A flow‐chart showing the prevalence of LGE according to the morphology of PVBs and the occurrence of nonsustained VT at peak of exercise testing is shown in Figure 4. Among the 15 athletes with both PVBs with multiple morphologies or with RBBB intermediate/superior axis configuration and the occurrence of exercise‐induced nonsustained VT, 8 (53%) had a positive CMR (Figure 5) including 6 (67%) with exercise‐induced polymorphic nonsustained VT. On the other hand, 3/168 (2%) athletes without PVBs with polymorphic or RBBB intermediate/superior axis configurations and without exercise‐induced nonsustained VT showed LV LGE (Figure 6). Avoidance of CMR in athletes with neither characteristic would have increased the positive predictive value from 11% (28/251) to 27% (25/93) while reducing sensitivity by 11% (3/28).
Figure 4. Summary of main study findings.
LBBB indicates left bundle‐branch block; LGE, late gadolinium enhancement; LV, left ventricle; PVBs, premature ventricular beats; RBBB, right bundle‐branch block; and VA, ventricular arrhythmias.

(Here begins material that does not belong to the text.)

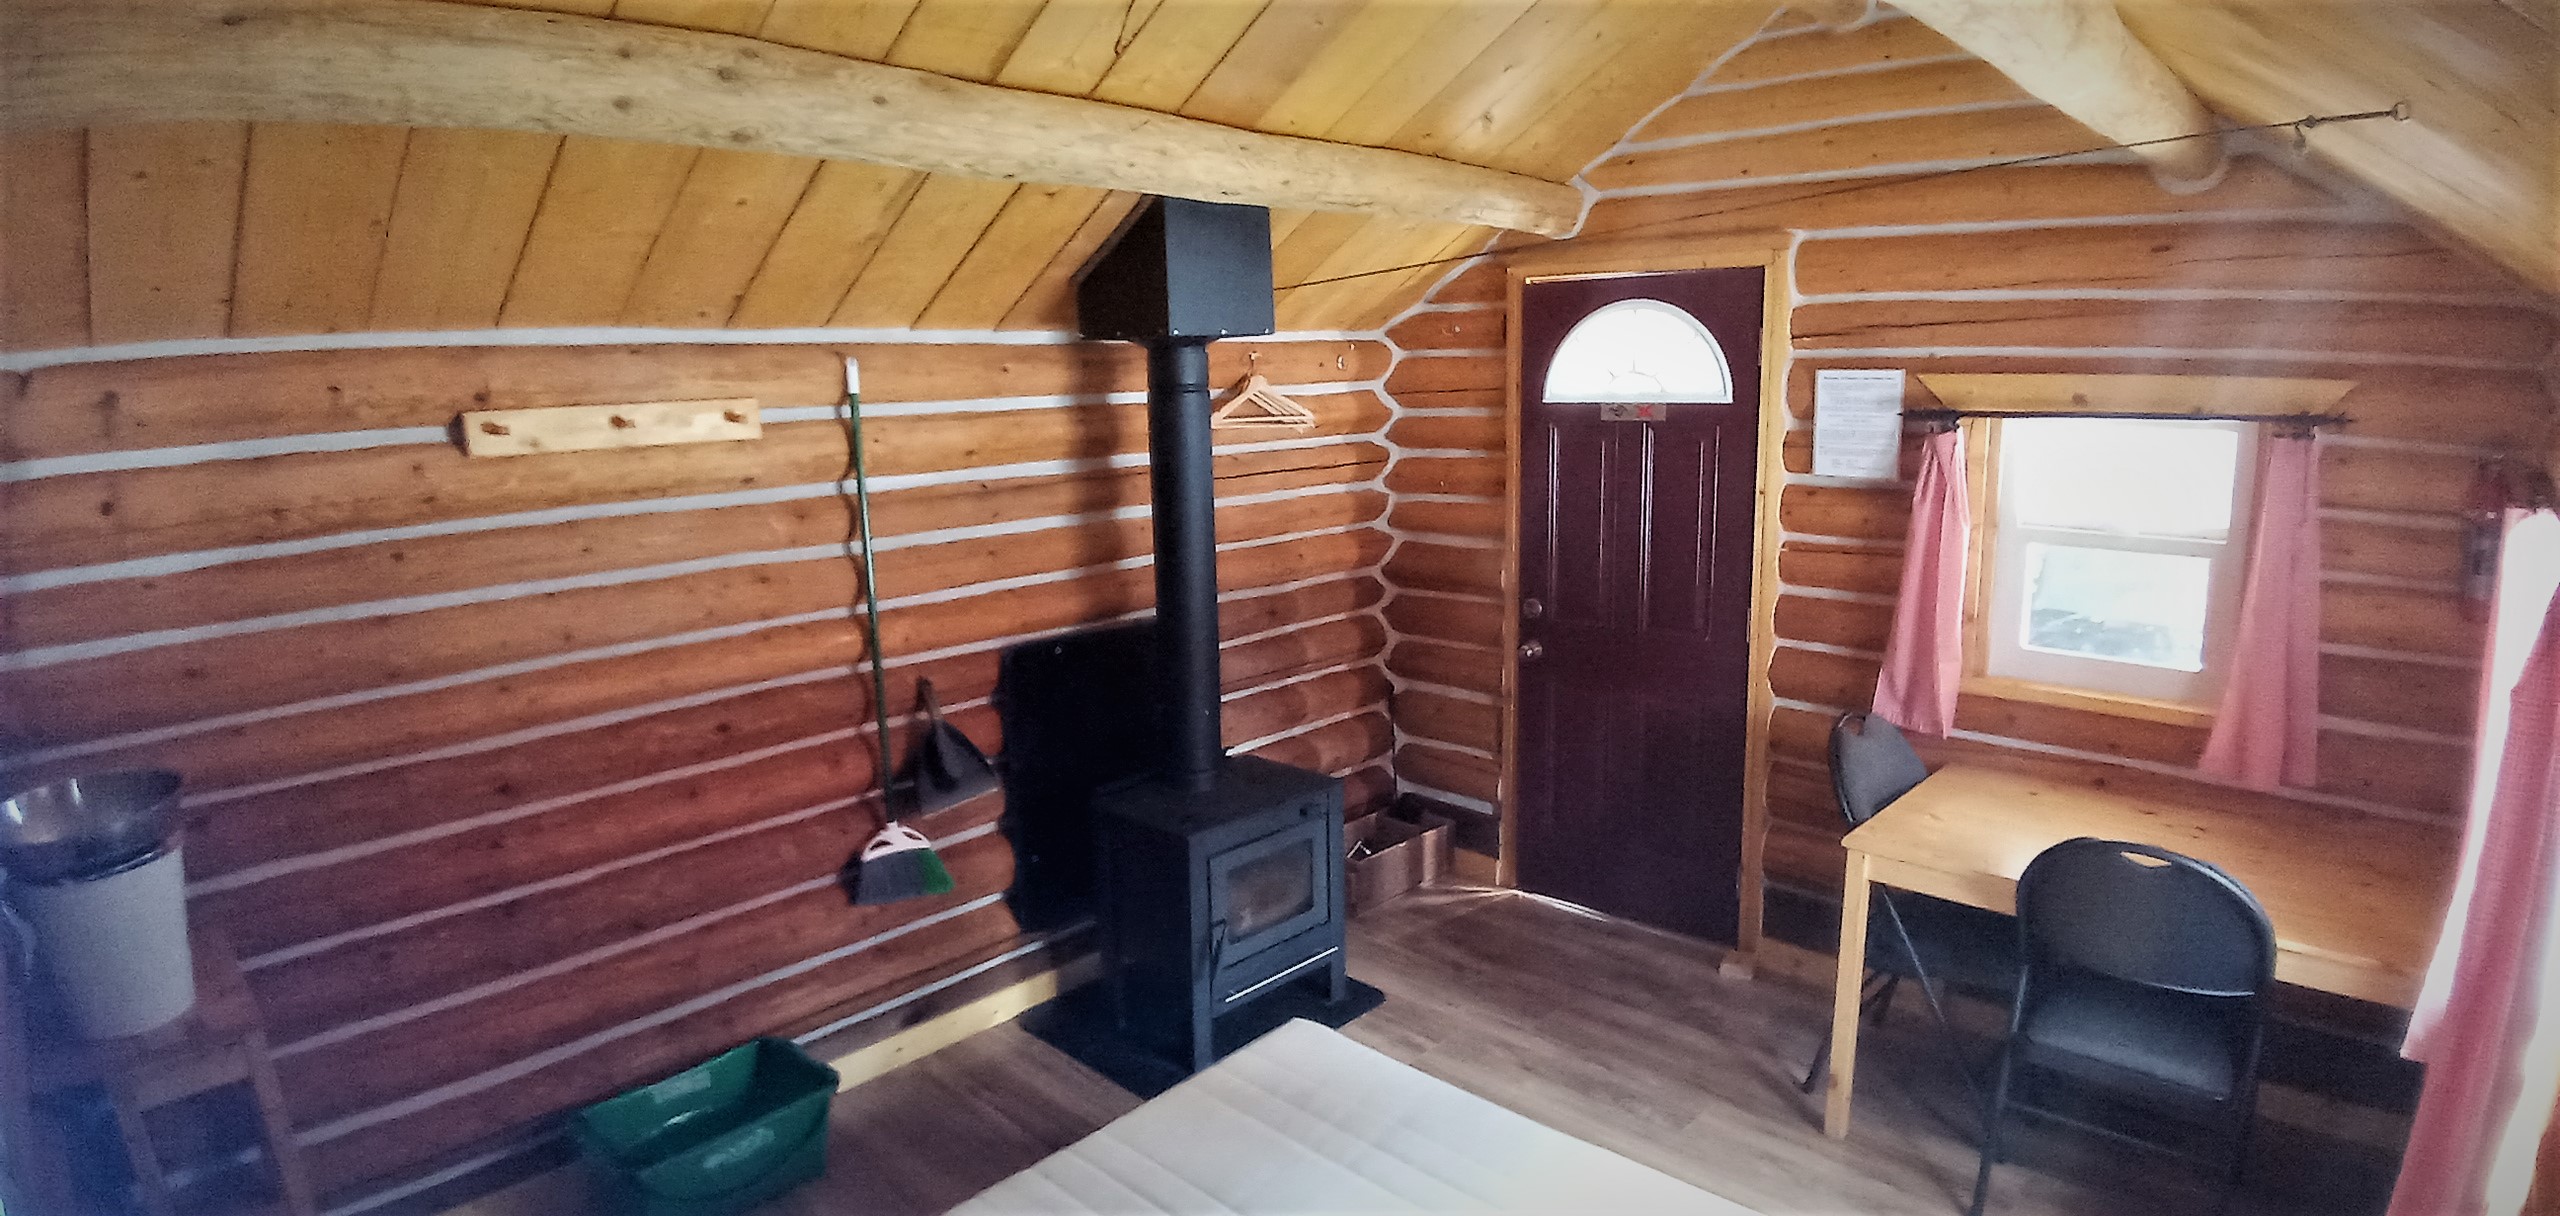 Inside Cabin 7

Figure 5. Representative example of an athlete with positive cardiac magnetic resonance.
A 41‐year‐old asymptomatic cyclist with negative resting ECG and echocardiography showed polymorphic premature ventricular beats (with both right‐bundle‐branch‐block and left‐bundle‐branch‐block configurations) and polymorphic ventricular tachycardia at exercise testing (A). Short‐axis (B) and 4‐chamber (C) postcontrast cardiac magnetic resonance views revealed a stria of late gadolinium‐enhancement suggesting myocardial fibrosis with a subepicardial/midmyocardial (nonischemic) distribution involving the basal and midapical inferolateral left ventricular segments (white arrows).
Figure 6. Representative example of an athlete with negative cardiac magnetic resonance.
A 19‐year‐old soccer player symptomatic for palpitations showed frequent premature ventricular beats with a left‐bundle‐branch‐block configuration, precordial S/R transition in V4, and inferior axis in the limb leads, suggesting a right ventricular outflow tract origin (A). During exercise testing, symptomatic nonsustained ventricular tachycardia occurred (B). Short‐axis (C) and 4‐chamber (D) postcontrast cardiac magnetic resonance views showed no myocardial abnormalities. The athlete underwent successful catheter ablation.
Discussion
This study was designed to investigate the characteristics of VA that were associated with abnormal myocardial substrates at CMR in athletes with otherwise unremarkable clinical findings. The clinical objective was to identify criteria for appropriate CMR prescription in this particular setting. The main findings were the following: (1) 28 athletes (11%) with PVBs and a low clinical probability of an underlying heart disease (negative family history, no previous sustained VT or cardiac arrest, normal ECG and echocardiography) had evidence of LV LGE at cardiac CMR; (2) in the majority of athletes with LGE (21/28, 75%), CMR abnormalities consisted of LGE with a subepicardial/midmyocardial stria pattern in the absence of wall motion abnormalities, myocardial edema, or fatty infiltration (so‐called isolated nonischemic LV scar); (3) independent predictors of a positive CMR included the presence of PVBs with a RBBB and intermediate/superior axis configuration or multiple morphologies and the occurrence of polymorphic nonsustained VT during exercise testing; (4) none of the 92 athletes with PVBs with left‐bundle‐branch‐block and inferior axis configuration (infundibular pattern) showed positive CMR; and (5) a high PVB burden should not be considered a risk factor for an underlying cardiac disease.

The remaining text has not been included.